Diary of a Gen Z Student: Learning to simmer down over spills and messes in shared accommodation

If my flatmate insists on watching movies late into the night (and refuses to experiment with the apparently foreign concept of headphones), we must all endure her Netflix film of choice
Diary of a Gen Z Student: Learning to simmer down over spills and messes in shared accommodation

Jane Cowan: 'In a flat shared by eight girls, the incessant lack of hygiene greets me every time I enter the kitchen. The light dusting of instant noodles that coats the floor. The constant dirt of our presses. The remnants of what appears to be a chicken curry splattered across the hob. I tend to close my eyes as I near the sink. To my dismay, it’s never not full of the soggy leftovers of someone’s breakfast.'

Every surface sticks with sources unknown. The hoover gathers dust in the corner of the kitchen. The pile of unloved, unwashed dishes on the windowsill is ever increasing in size and biological matter. It’s student accommodation, baby!

My bedroom is swelteringly hot. And all I’ve got to counteract that is a single window that cracks open just about two inches. I cannot decide when the heating in the building is turned on and off, and the dial on my radiator seems to be for decoration more than anything.

You see, when you move into accommodation such as this, you must surrender control of certain things. I’ve developed the false impression that Dublin in winter is not too far from a tropical climate. I am sweating as I watch heavy rain fall outside.

But control of the temperature of my room has actually turned out to be the least of my worries since moving into a flat shared by eight students. For one thing, I am writing this column at 2am.

Why so late, you ask? Because one of my flatmates is watching a movie right now. And the walls, it seems to me, are no better than the papier mâché I produced in primary school. That means, if my flatmate insists on watching movies late into the night (and refuses to experiment with the apparently foreign concept of headphones), we must all endure her Netflix film of choice. I wouldn’t mind so much, if I didn’t have a 9am seminar to look forward to in a few hours’ time.

The other obstacle that I am faced with, in a flat shared by eight girls, is the incessant lack of hygiene that greets me every time I enter the kitchen. The light dusting of instant noodles that coats the floor. The constant dirt of our presses. The remnants of what appears to be a chicken curry splattered across the hob. I tend to close my eyes as I near the sink. To my dismay, it’s never not full of the soggy leftovers of someone’s breakfast.

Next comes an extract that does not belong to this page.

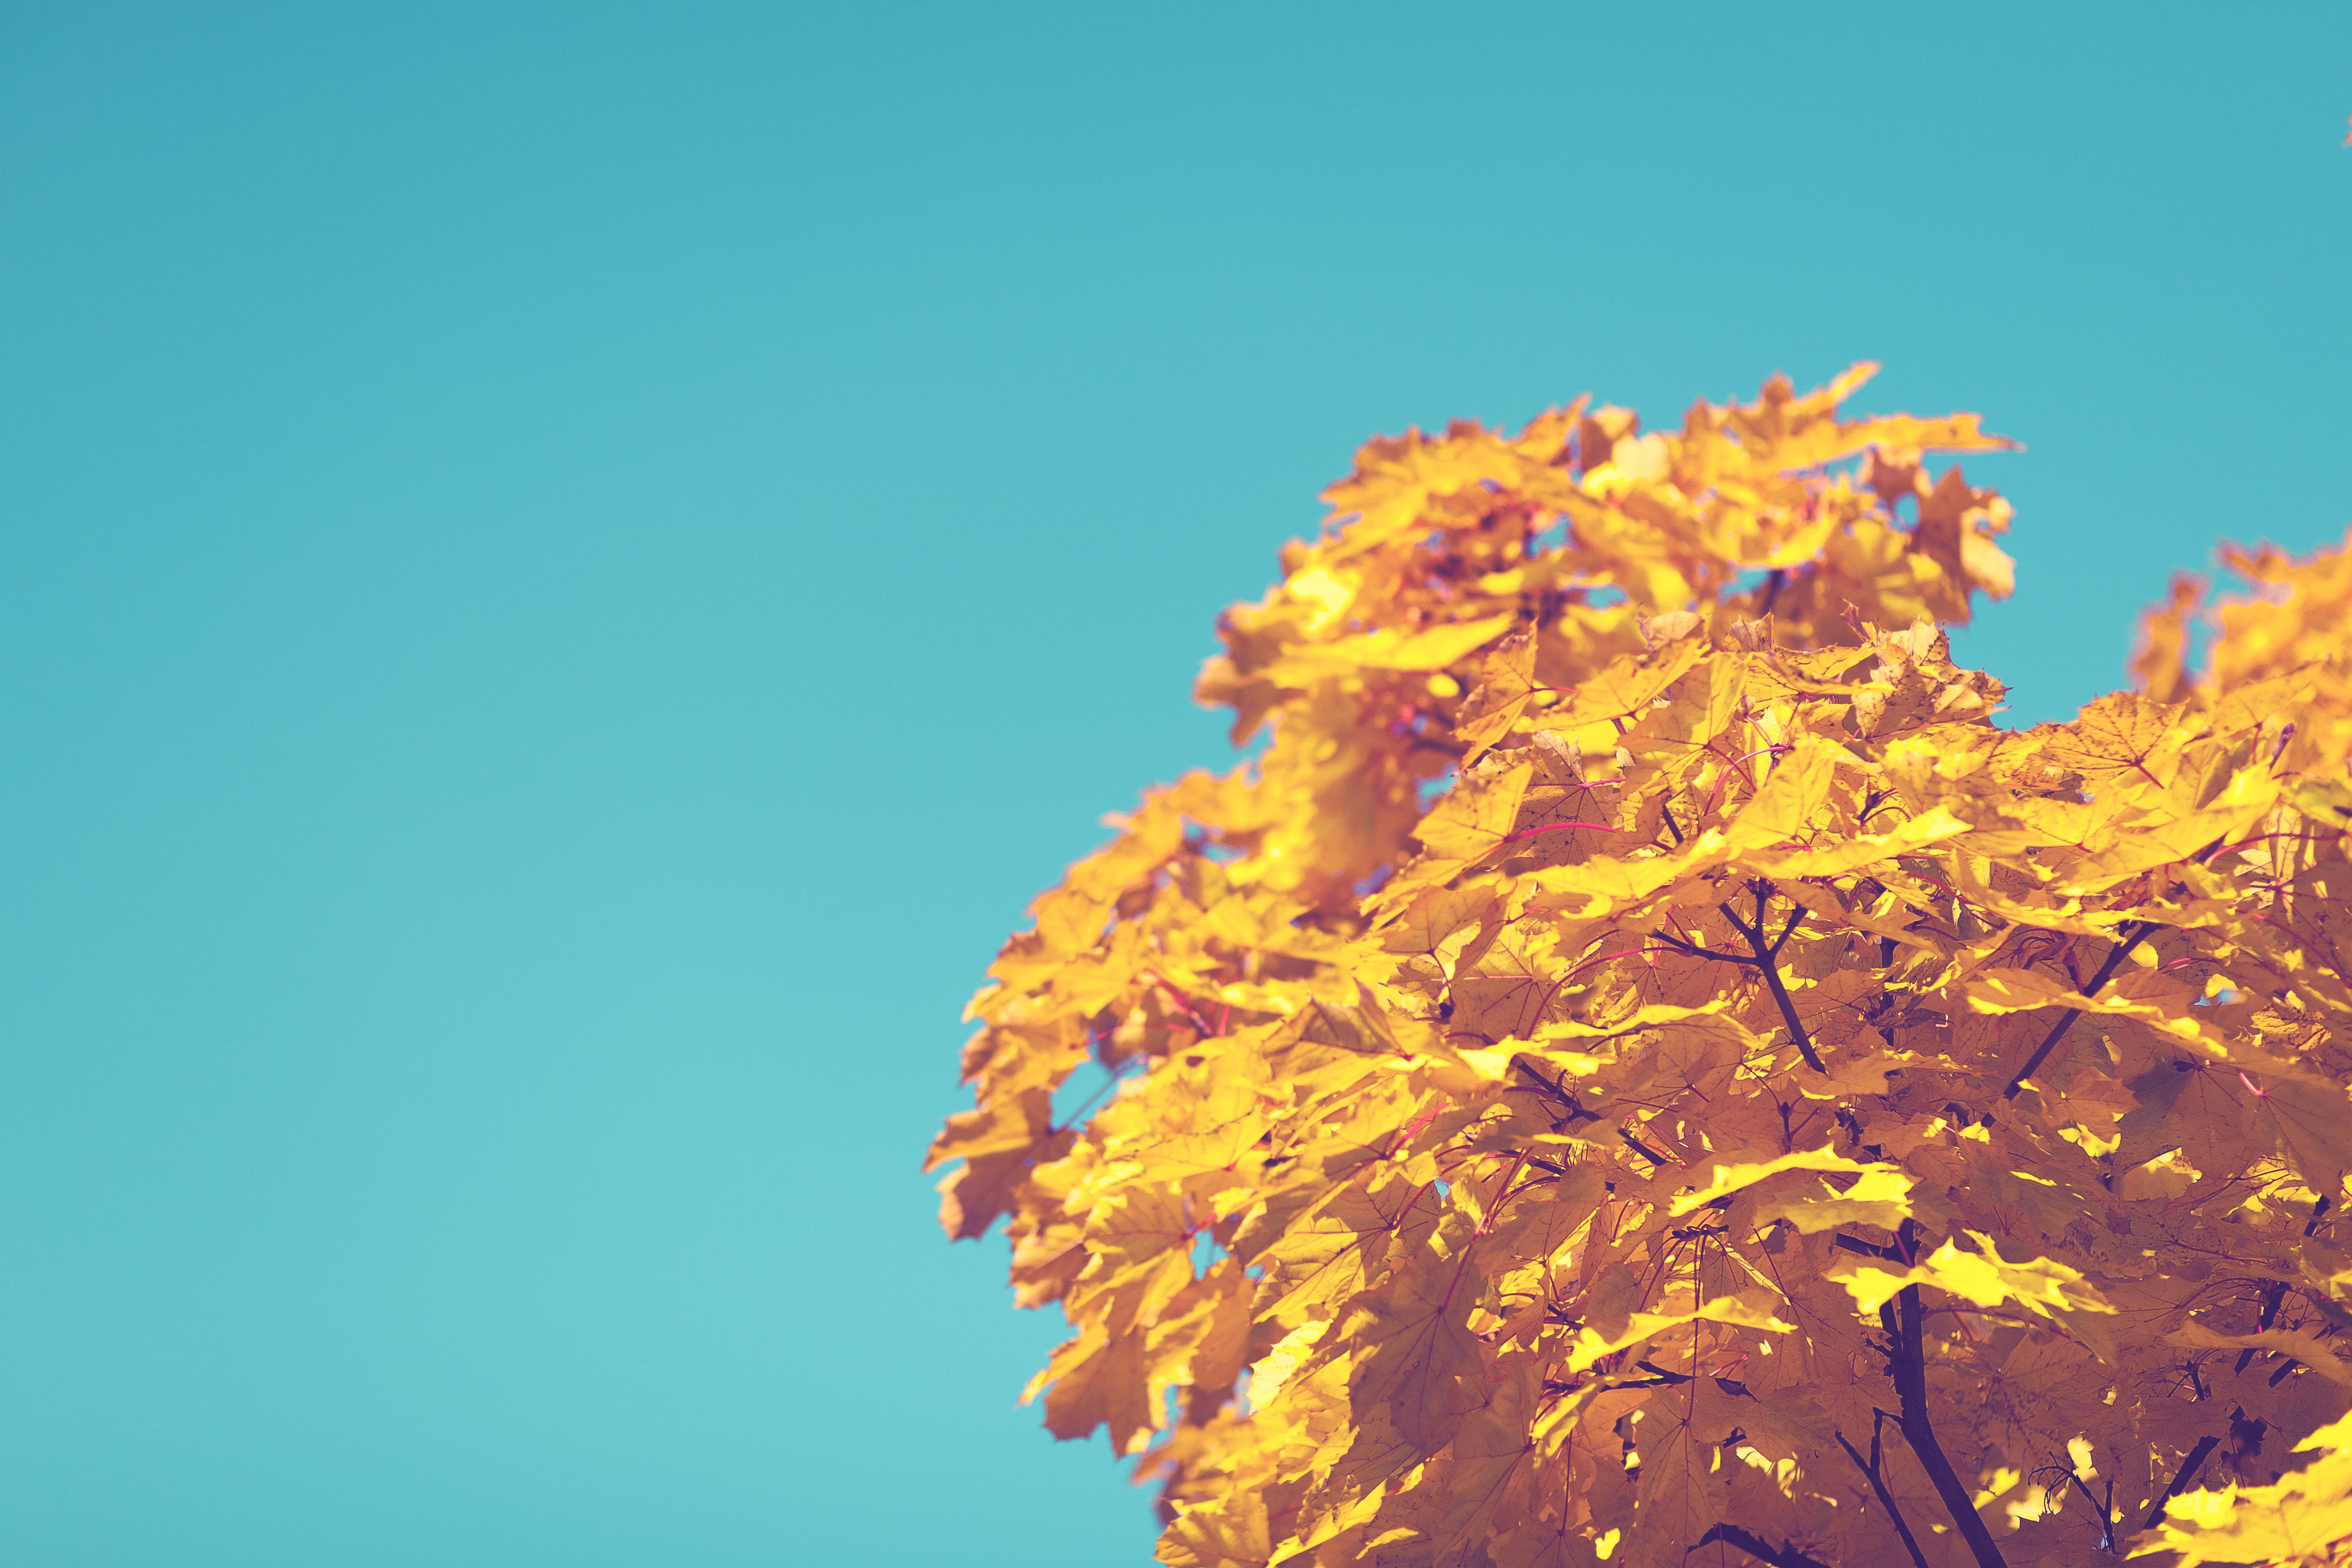 A tree with yellow leaves against a blue sky - Fall

Jane Cowan: 'My bedroom is swelteringly hot. And all I’ve got to counteract that is a single window that cracks open just about two inches. I cannot decide when the heating in the building is turned on and off, and the dial on my radiator seems to be for decoration more than anything.' Picture: Moya Nolan
Jane Cowan: 'My bedroom is swelteringly hot. And all I’ve got to counteract that is a single window that cracks open just about two inches. I cannot decide when the heating in the building is turned on and off, and the dial on my radiator seems to be for decoration more than anything.' Picture: Moya Nolan

What happens in the fridge is an entirely different problem. For the past couple of days, I’ve been trying to figure out whose groceries are decomposing and contaminating the rest of the place. But to no avail. All I know is I would happily never open the fridge again, and would live off the box of crackers sitting in my room and develop scurvy, if it meant not experiencing the odour that whacks me in the face every time I build up the courage to put milk in my tea.

More issues in my kitchen include: the mysterious pool of water that lives beside the kettle; the pot of cooked pasta soaking in water that has lived on the infamous windowsill for well over four days, as I write this; the puddle of pasta sauce on the floor by the microwave; the collection of about 20 tea towels, all variously stained, that exist in small piles around the kitchen.

Last week, I was blow-drying my hair in my bedroom, when a knock on the door from campus staff alerted me to the fact I was activating some sort of heat sensor, and I needed to turn the hair dryer off to let my room cool down before the building is set alight.

Maybe if I could adjust the radiator keeping my room heated to 30C I could blow-dry my hair in peace. Alas, that would be too straightforward. Instead, I have been forced to retire my hair dryer for the time being. And let me tell you, I truly do not have the hair texture for this kind of frivolity.

All of this luxury for the low, low price of more than €1,000 in rent every month. It would be a great practical joke, if it wasn’t my life. When I think of the shameless pleading in my emails to Trinity Student Accommodation, explaining I’m such a fantastic student, and why they should find a room for me on campus… Oh, how naive I was.

I get it — you can’t have it all. And really, the freedom of living away from home is so fun, that I don’t particularly mind the fact I’m working in the middle of the night. But if people begin to develop concern over the increasing puffiness of my undereye bags, or the increasing puffiness of my hair, you know why.

Is squalor the price of independent living in your early 20s? It would appear so. You certainly wouldn’t want to be squeamish to enter my kitchen right now.